Friday, December 21, 2007

Shibboleth: Free Ancient Script Unicode Typing Tool from Logos

Shibboleth is a very nice free gift from Logos. As it states on their web site:

Shibboleth is a tool for typing Unicode text in ancient scripts. It was designed to help people unfamiliar with a script easily enter the correct characters, and then copy text to the clipboard in Unicode or another format.

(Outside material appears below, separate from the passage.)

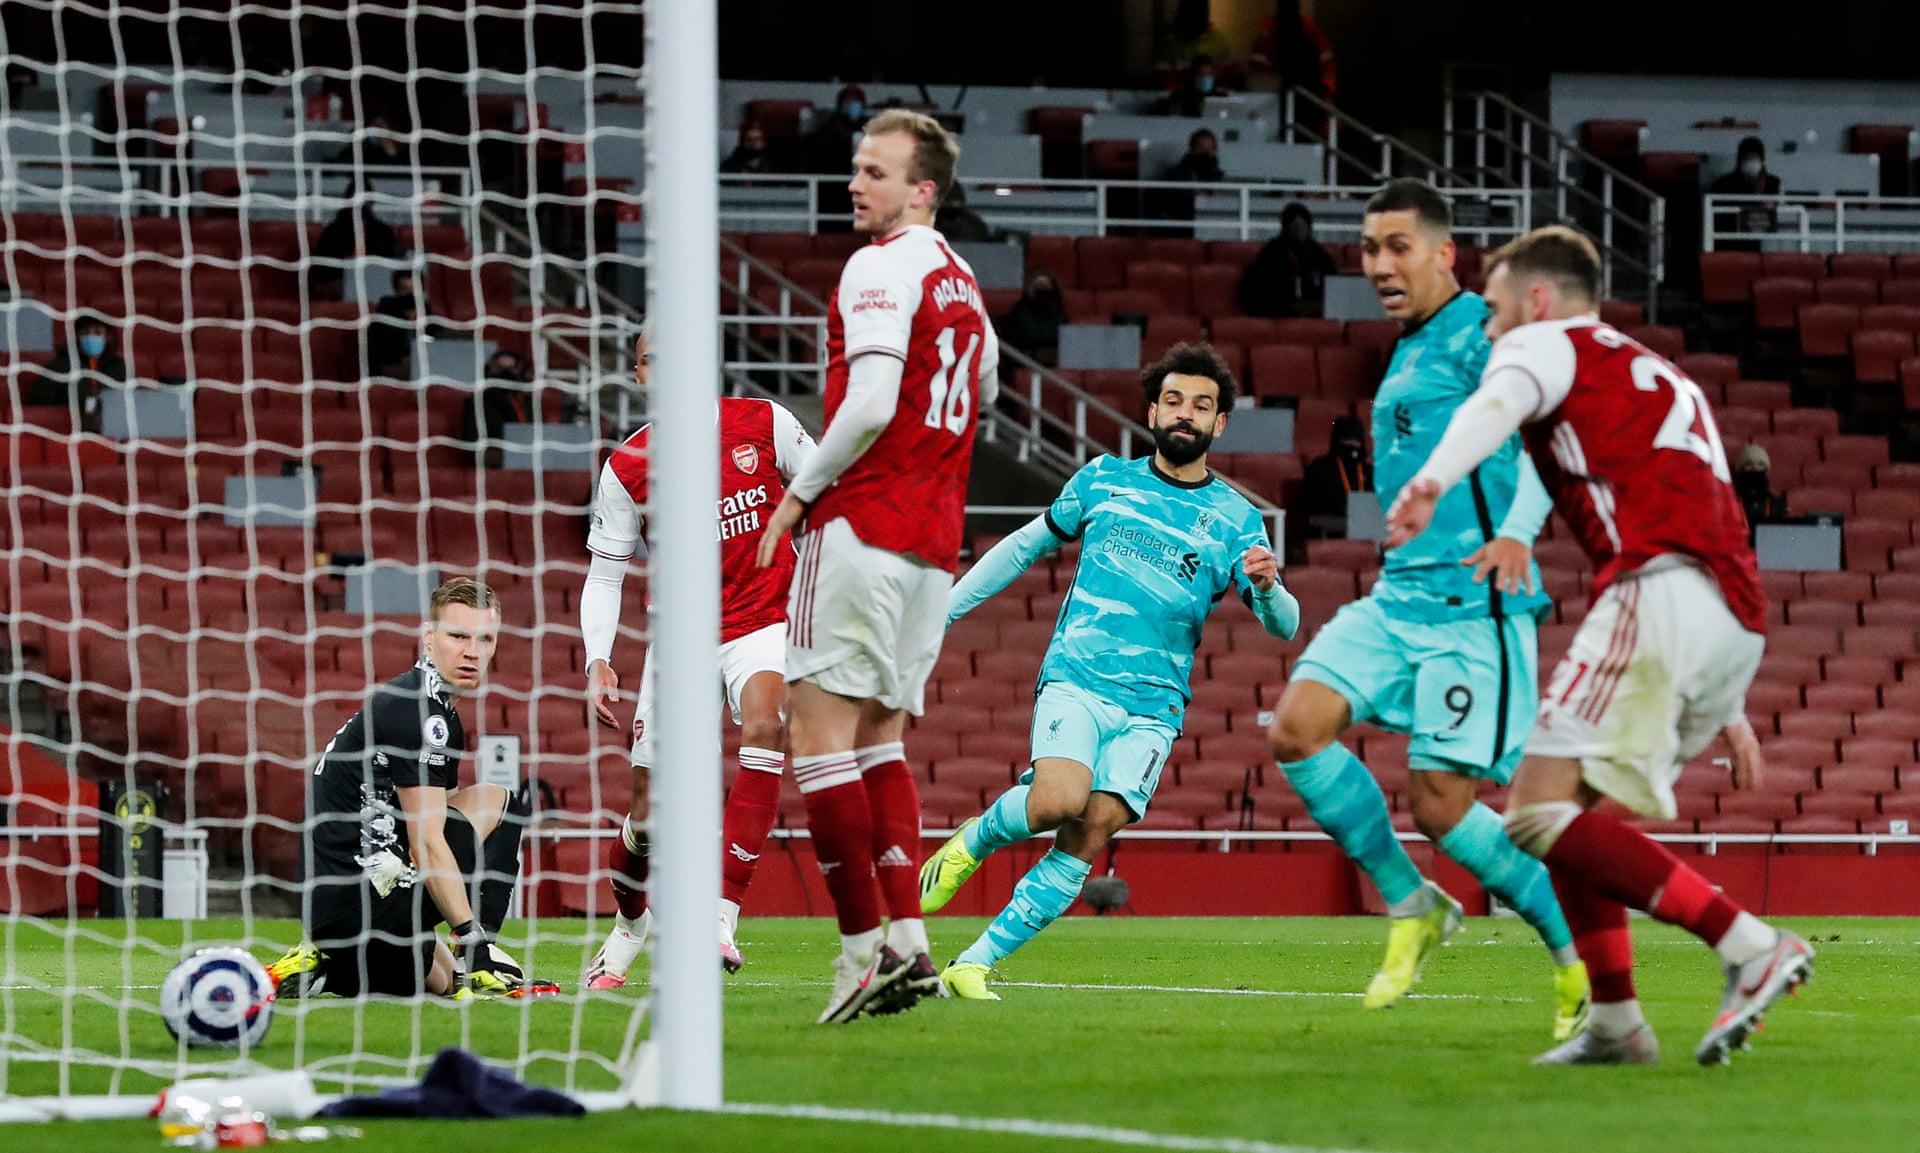 Salah menambah skor menjadi 2-0 dengan umpan silang berbahaya di menit 68. Foto: The Observer

While a keyboard layout is provided for several scripts, the emphasis is on helping the user recognize and select the proper characters. To that end, user input is shown in both typed and rendered format, with multiple font options, and all of the characters for each script are selectable from a well organized palette on the right side of the application window.
I have become fairly adept at typing in Greek using an installed polytonic Greek keyboard, but I often forget where those Hebrew vowel points are on the keyboard or where other special diacritics for Greek or for transliteration are located. Shibboleth will make this job easy. Support is provided for Hebrew, Aramaic, Syriac, Arabic, Ethiopic, Greek, Coptic, Ugaritic, Armenian, South Arabian, and Transliteration. You will, of course, need to have appropriate Unicode fonts, and links are provided on the Logos page.

A few things to note:
  • Using this link to the Logos page, you need to run/install the program using Internet Explorer. (For some reason, Firefox will not work when you save the file and then try to run it.)
  • You will, of course, need to have appropriate Unicode fonts, and links are provided on the Logos page.
  • You can either type your text directly (using the keyboard displayed at bottom as a guide) or you can click and choose one letter at a time (by clicking on the keyboard or the letters in the column on the right).
  • You will usually want to export text using Unicode, but you can also use escaped or ASCII.
  • Output is optimized for HTML, so if you paste into a Word DOC, you will need to strip away some of the coding that precedes and follows your text. No big deal.
Thanks to Logos for sharing this tool!
UPDATE: 2007.12.28 - Logos has now posted about this tool.